Posted by on March 30th, 2011 at 12:04 pm

The panelists: L to R: Dr. Philip Wu,
Olivia Quiroz, Mychal Tetteh, Noelle Dobson.
(Photos: BikePortland/Patrick Croasdaile)

In recent years, the fields of public health, equity and transportation policy have become increasingly linked. At a breakout session at the Active Transportation Summit yesterday, advocates and experts came together to learn more about why these issues are linked and discuss how to make that link stronger.

According to Dr. Phil Wu, a pediatric obesity specialist at Kaiser Permanente, “There’s no way to deal with obesity unless we start dealing with issues of transportation.”

“We’ve found that barriers to cycling are culturally specific, and we in turn have had to tailor custom solutions to encourage these populations to bike.”
— Mychal Tetteh, Community Cycling Center

Dr. Wu was one of four members of the panel. He joined Mychal Tetteh from the Community Cycling Center; Noelle Dobson of the Oregon Public Health Institute, and Olivia Quiroz with the Multnomah County Health Department. The panel was moderated by Mara Gross from the Coalition for a Livable Future.

Here’s the problem as Dr. Wu sees it: Health disparities are based in demographics where physical inactivity greatly contributes to obesity, and in these same communities, a lack of traffic safety and poor transportation infrastructure reinforce barriers to walking and cycling (he was principally referring to low-income communities in urban environments).

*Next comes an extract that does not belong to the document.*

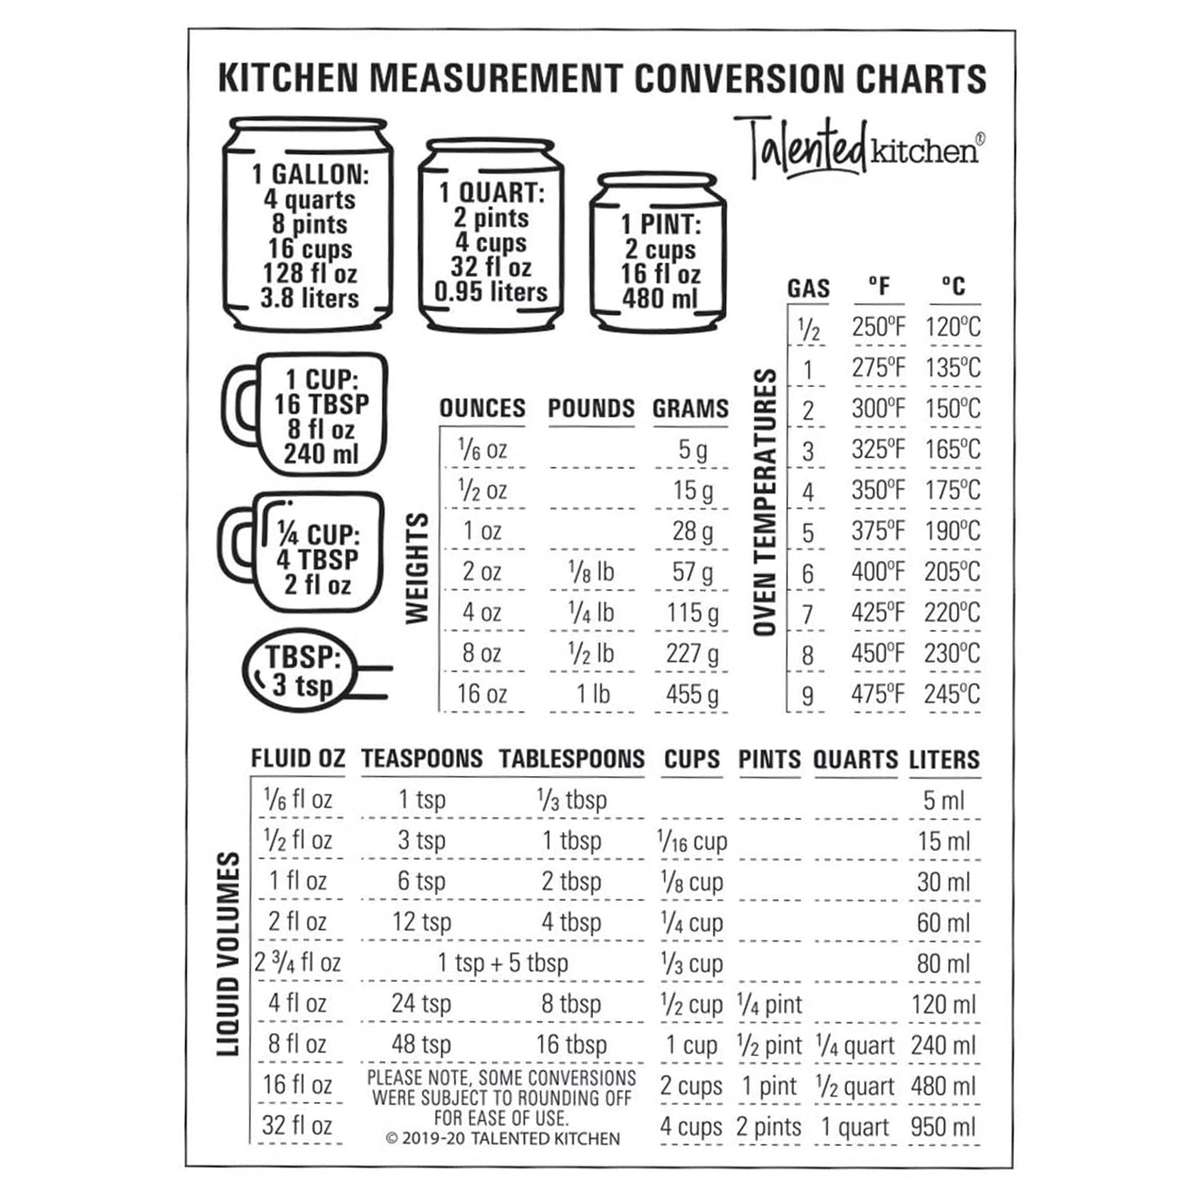 Talented Kitchen Magnetic Kitchen Conversion Chart.

Dr. Wu and a slide showing obesity rates by ethnicity.

“The majority of time our health care professionals spend treating any disease often has to do with obesity, every part of the body is touched when an individual is overweight.”

Since transportation is a daily activity for most people, Dr. Wu believes we need strong policies that make it easier to connect activity to mobility and to overcome barriers to walking and biking that exist in some communities.

Olivia Quiroz, who heads the Communities by Design initiative for the Multnomah County Health Department, believes that without aggressive efforts to prevent chronic obesity, health care costs will continue to spiral upward. “We need to invest resources in communities that experience health inequities, and we need to tailor specific policies for these communities.”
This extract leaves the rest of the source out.